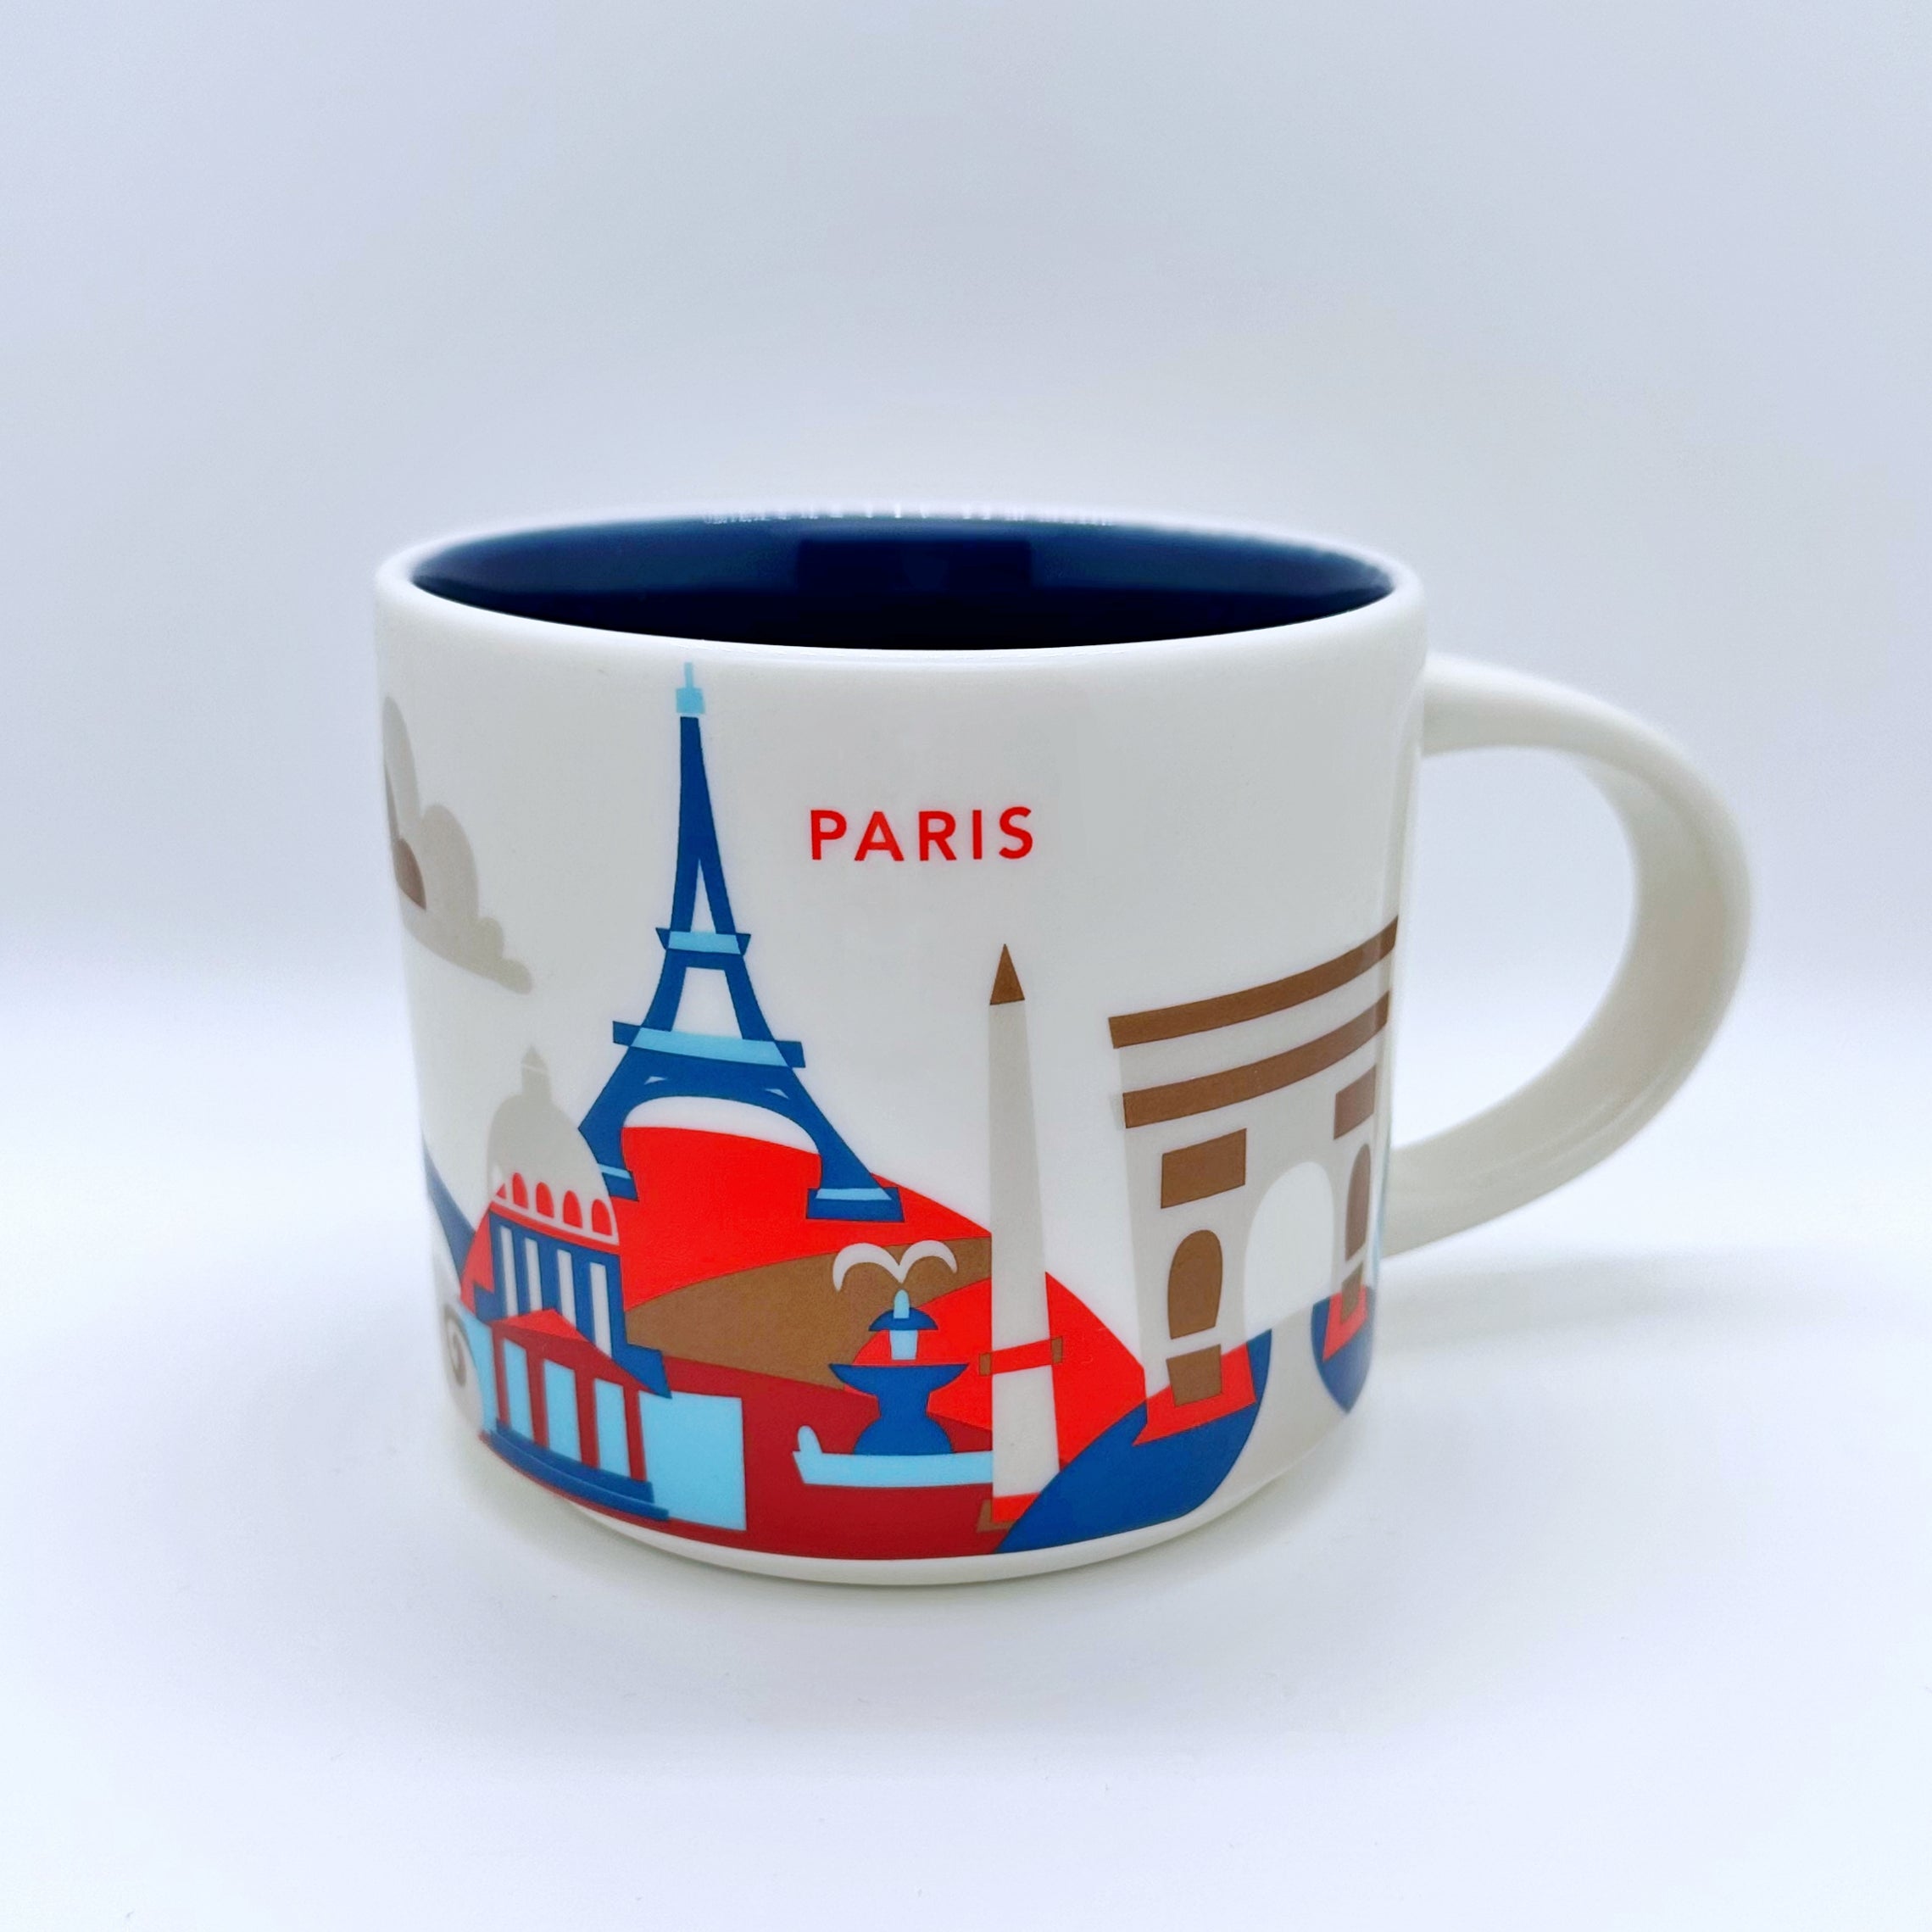 Kaffee Cappuccino oder Tee Tasse von Starbucks mit gemalten Bildern aus der Stadt Paris
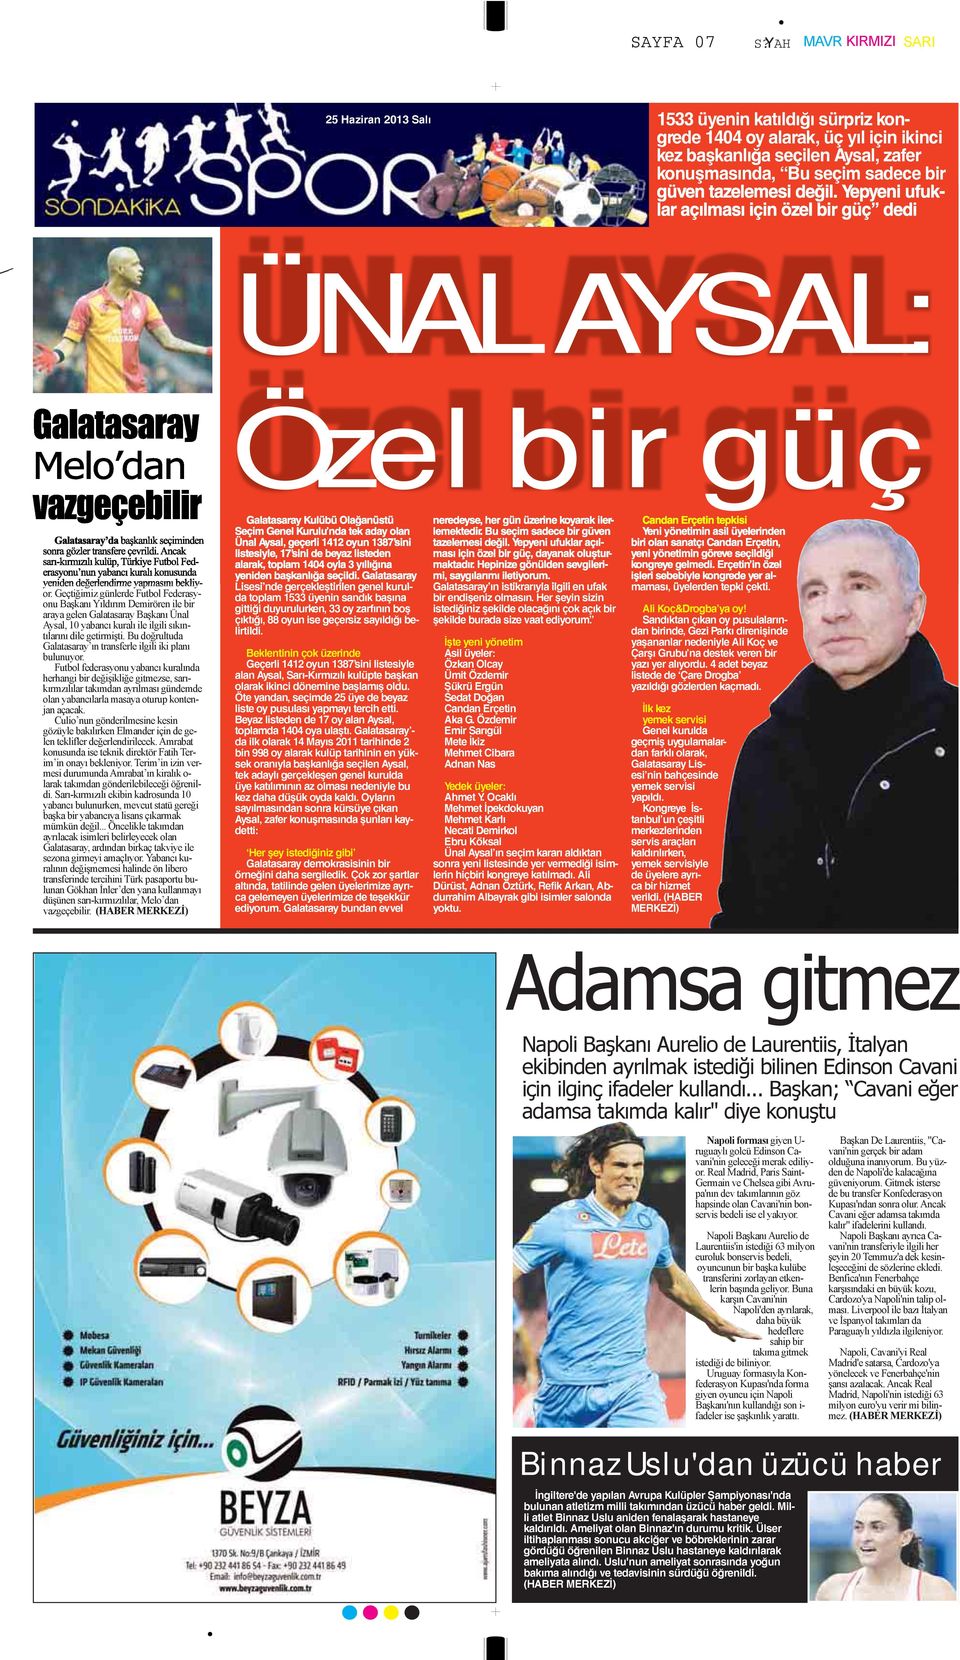 Ancak sarı-kırmızılı kulüp, Türkiye Futbol Federasyonu nun yabancı kuralı konusunda yeniden değerlendirme yapmasını bekliyor.
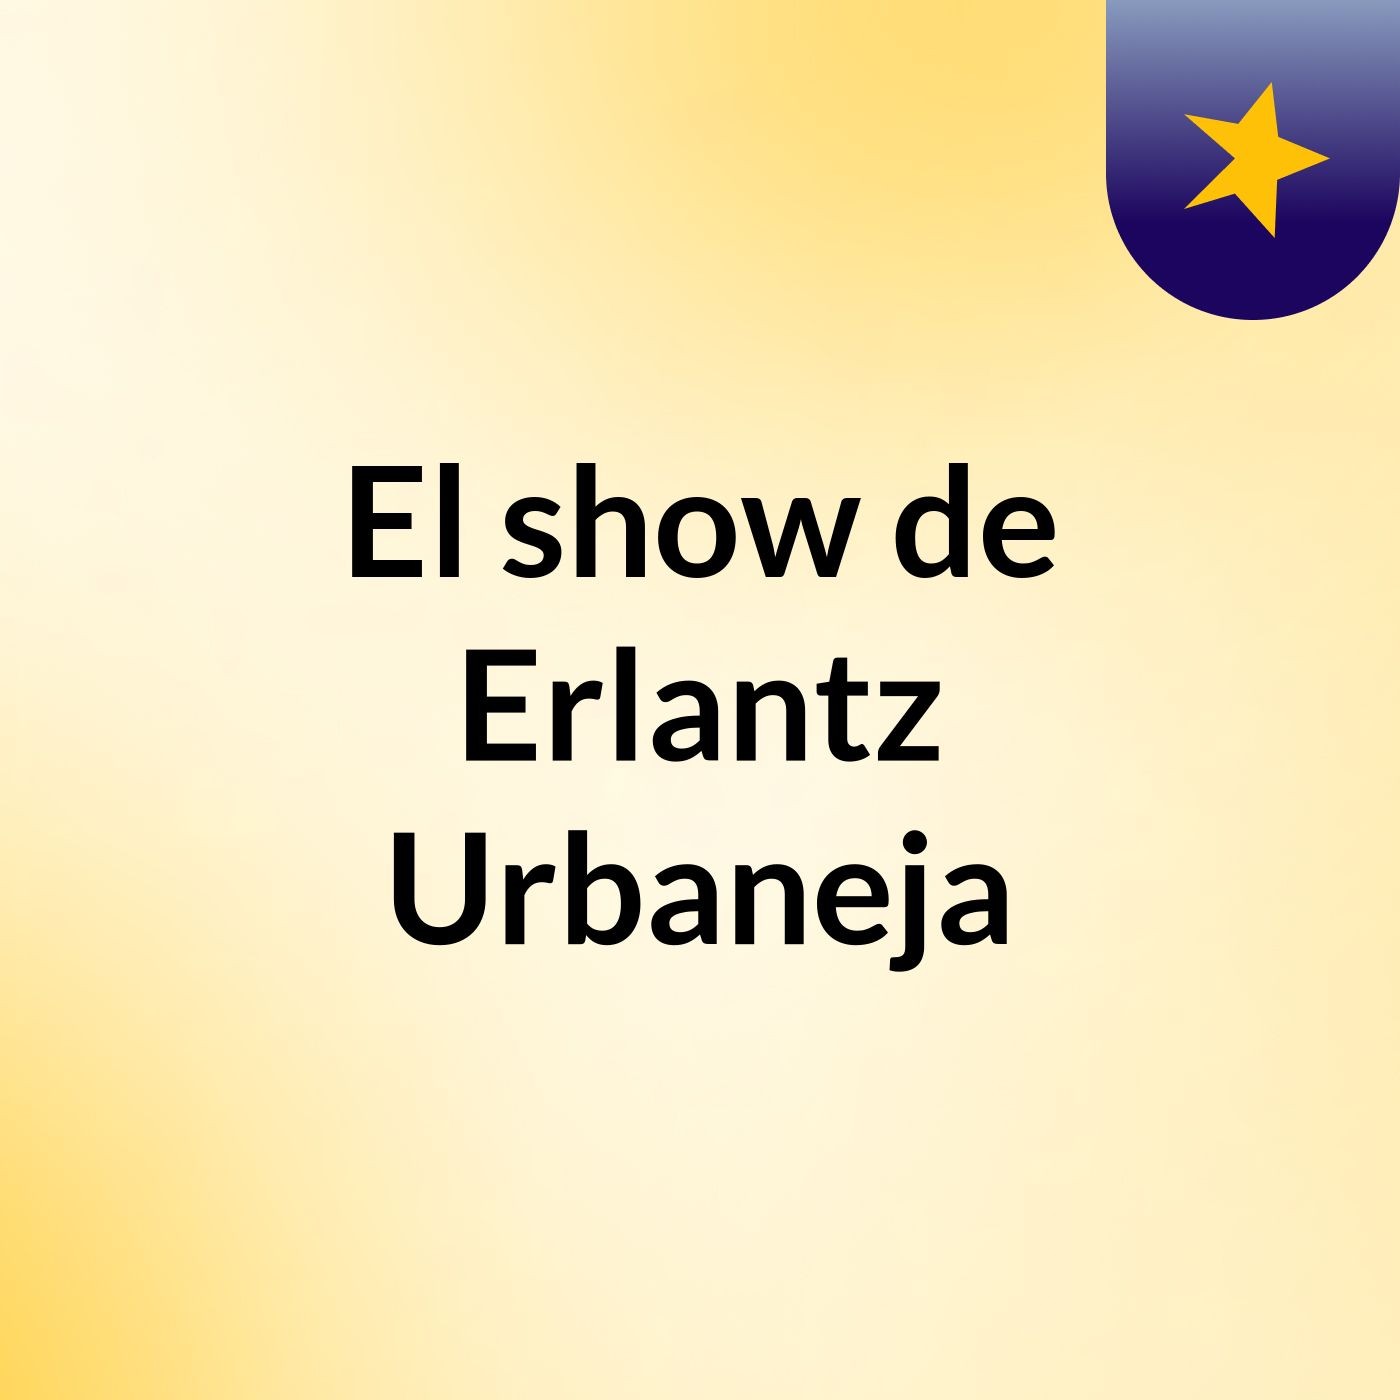 El show de Erlantz Urbaneja

■ TASK TO CARRY OUT: Beginning with the line that contains "Ancak sarı-kırmızılı kulüp, Türkiye" and ending with the last line of the data above, output those lines exactly and nothing more, without any pictures.

■ EXERCISE RESULT:
 Ancak sarı-kırmızılı kulüp, Türkiye Futbol Federasyonu nun yabancı kuralı konusunda yeniden değerlendirme yapmasını bekliyor.
 El show de Erlantz Urbaneja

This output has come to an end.